# Help me out



## andrewdavis13 (Oct 24, 2022)

So I am a brand new grower and I would like to know if you guys think these guys are ready to harvest? Thank you in advance!


----------



## Hippie420 (Oct 24, 2022)

Only the color of the trichomes will tell for sure. Is that second pic a male? Maybe it's my eyeballs.


----------



## pute (Oct 24, 2022)

I can't see clearly but you have a ways to go.  Tell us about your grow.


----------



## WeedHopper (Oct 25, 2022)

Hippie I think that's just a little foxtailing.


----------



## Weedy (Oct 25, 2022)

Hello, since how many weeks it is under flowering cycle? How many hours of light a day? What strain is it?
Looks like it can stay 2/3 weeks more (maybe trim extremities), I'd say it looks like it's at a bit more than half of its cycle.
(If hairs and trichomes are white/transparent effect is energic, if orange/brown effect is sleepy)


----------



## RosterMan (Oct 25, 2022)

Weedy said:


> Hello, since how many weeks it is under flowering cycle? How many hours of light a day? What strain is it?
> Looks like it can stay 2/3 weeks more (maybe trim extremities), I'd say it looks like it's at a bit more than half of its cycle.
> (If hairs and trichomes are white/transparent effect is energic, if orange/brown effect is sleepy)

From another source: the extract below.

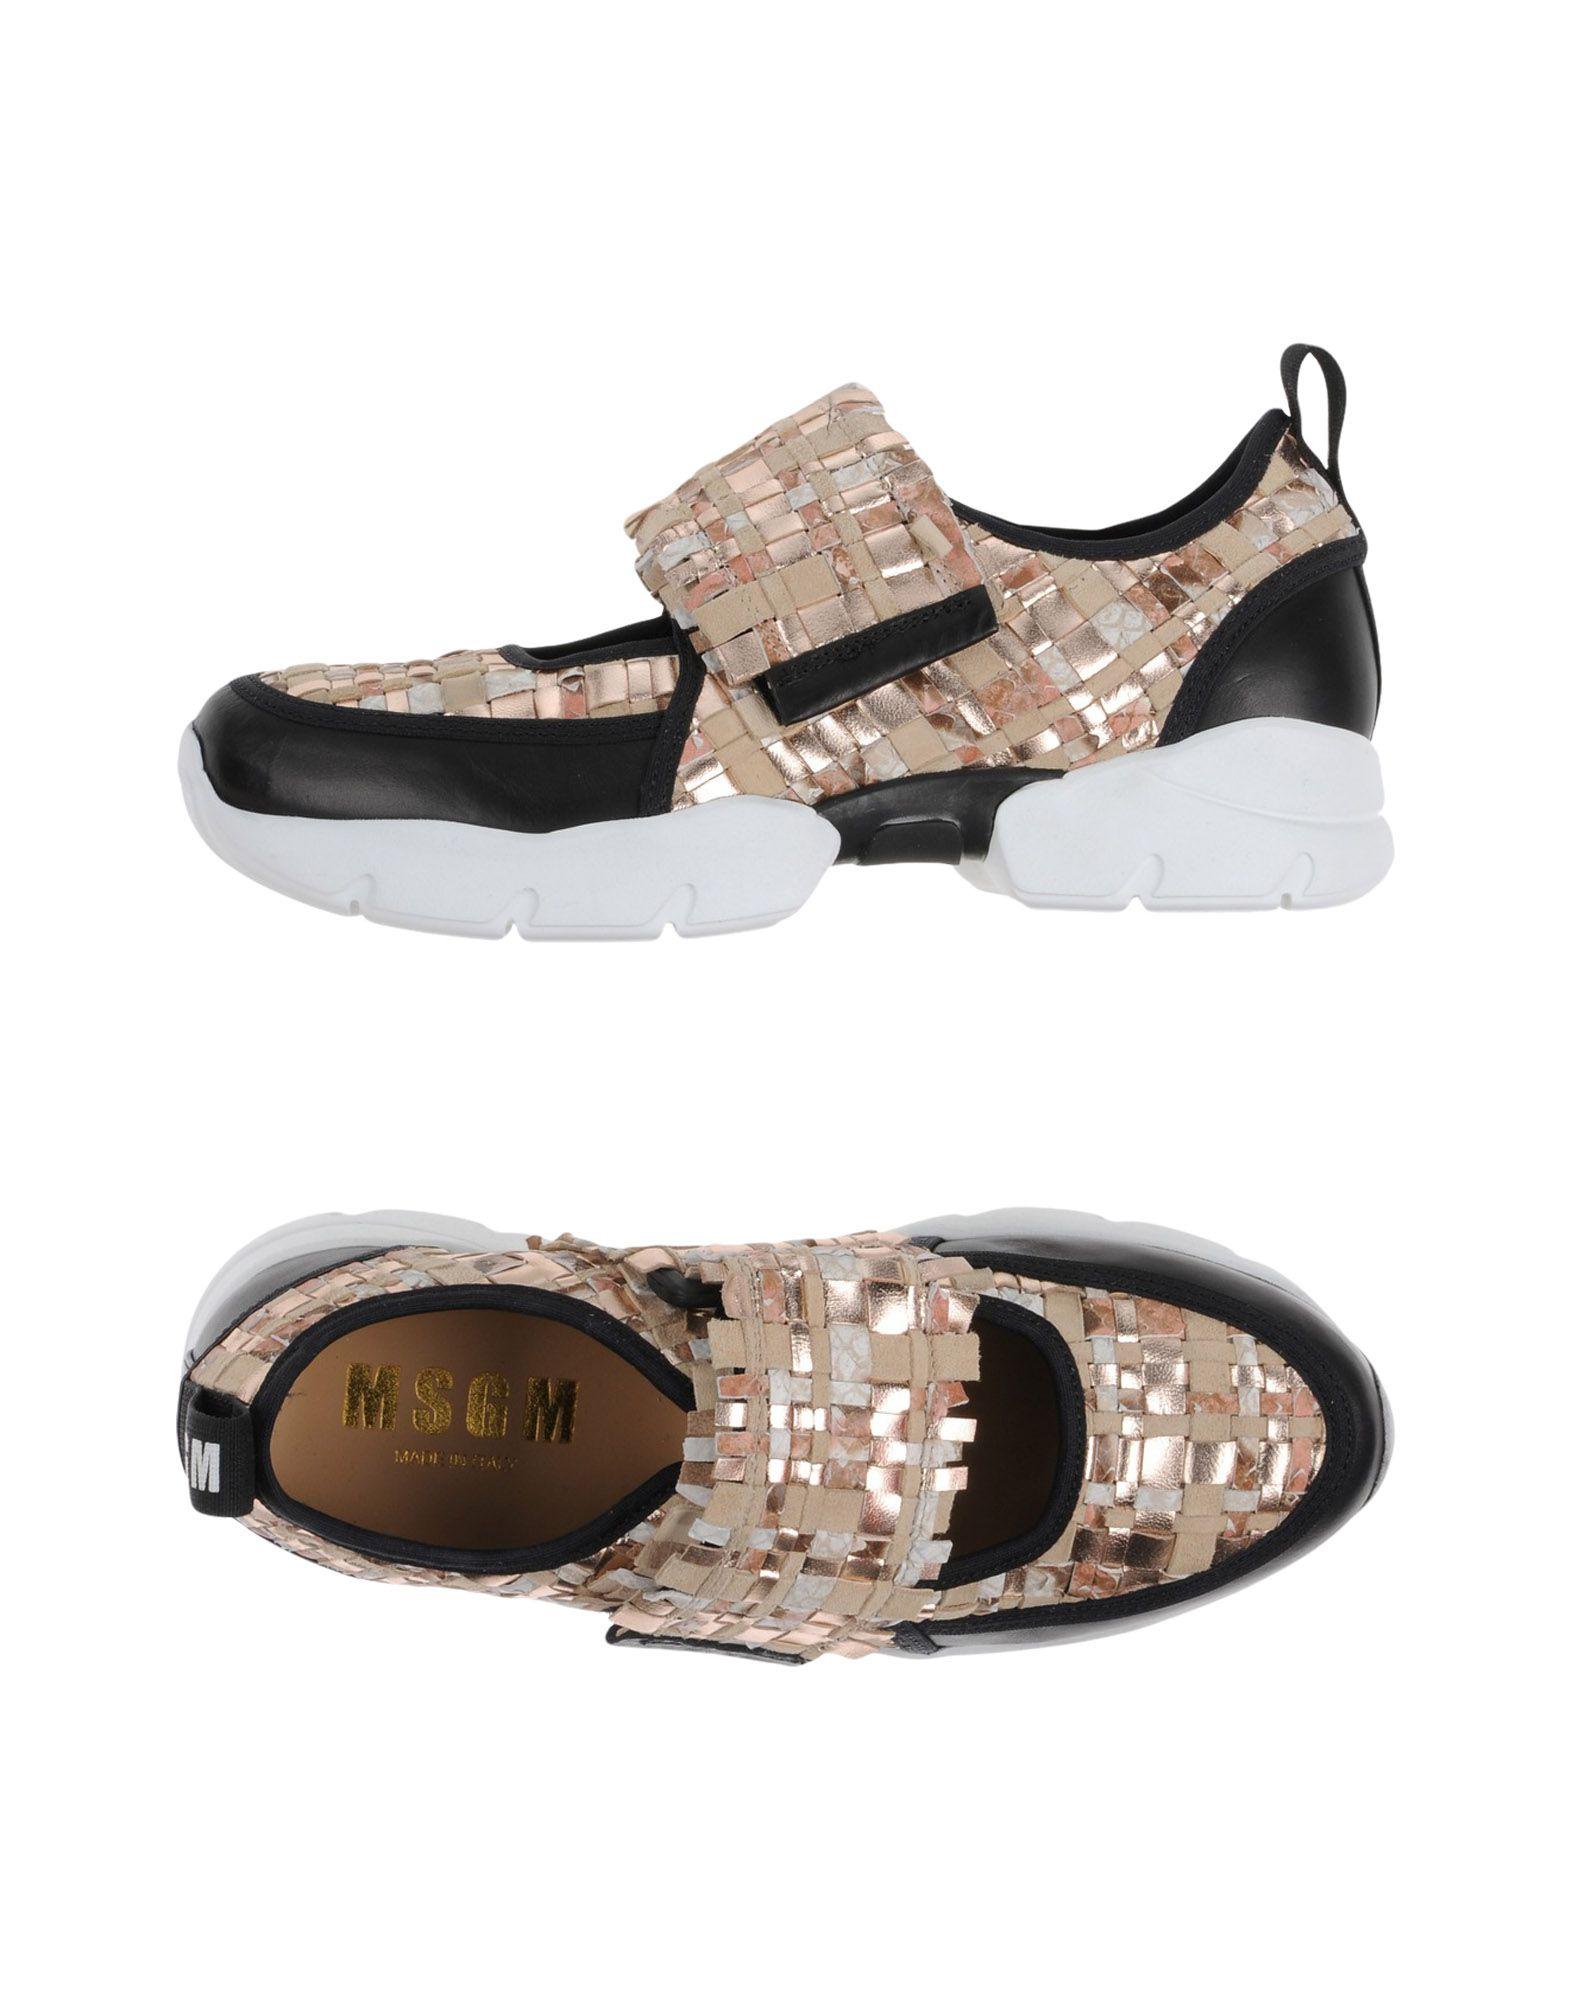 Msgm Sneakers - Women Women Women Msgm Sneakers online on  United Kingdom - 11250478MK 48248b

Sounds like you are looking at the pistils (the lowering clear stems shooing up from the flower
You need to scope the trichomes (the glands on bud and surrounding sugar leaves).


----------



## oldfogey8 (Oct 25, 2022)

As hippie said, harvest time is based on trichome color. Pistil or leaf color or even time in flower will give you an idea of when to start checking the trichomes but will not tell you how ‘ripe’ your flowers are. Most people shoot for 20-30% amber trichomes thought the desired buzz may have growers harvest with more or less than 20-30% amber. Fewer amber will give you a more energetic buzz, more will give you a more couch-lock buzz for any particular strain. Get yourself an eye loupe(30x or higher) or a usb/BT/WiFi microscope to look at the trichomes. From the pictures, my guess is your trichomes are clear. You have weeks to go.


----------



## WeedHopper (Oct 25, 2022)

Yeah That ^^^


----------



## RosterMan (Oct 25, 2022)

LOL^^^^


----------



## SubmarineGirl (Oct 25, 2022)

2-3 more weeks. No amber yet.


----------



## pute (Oct 25, 2022)

Nice frost.


----------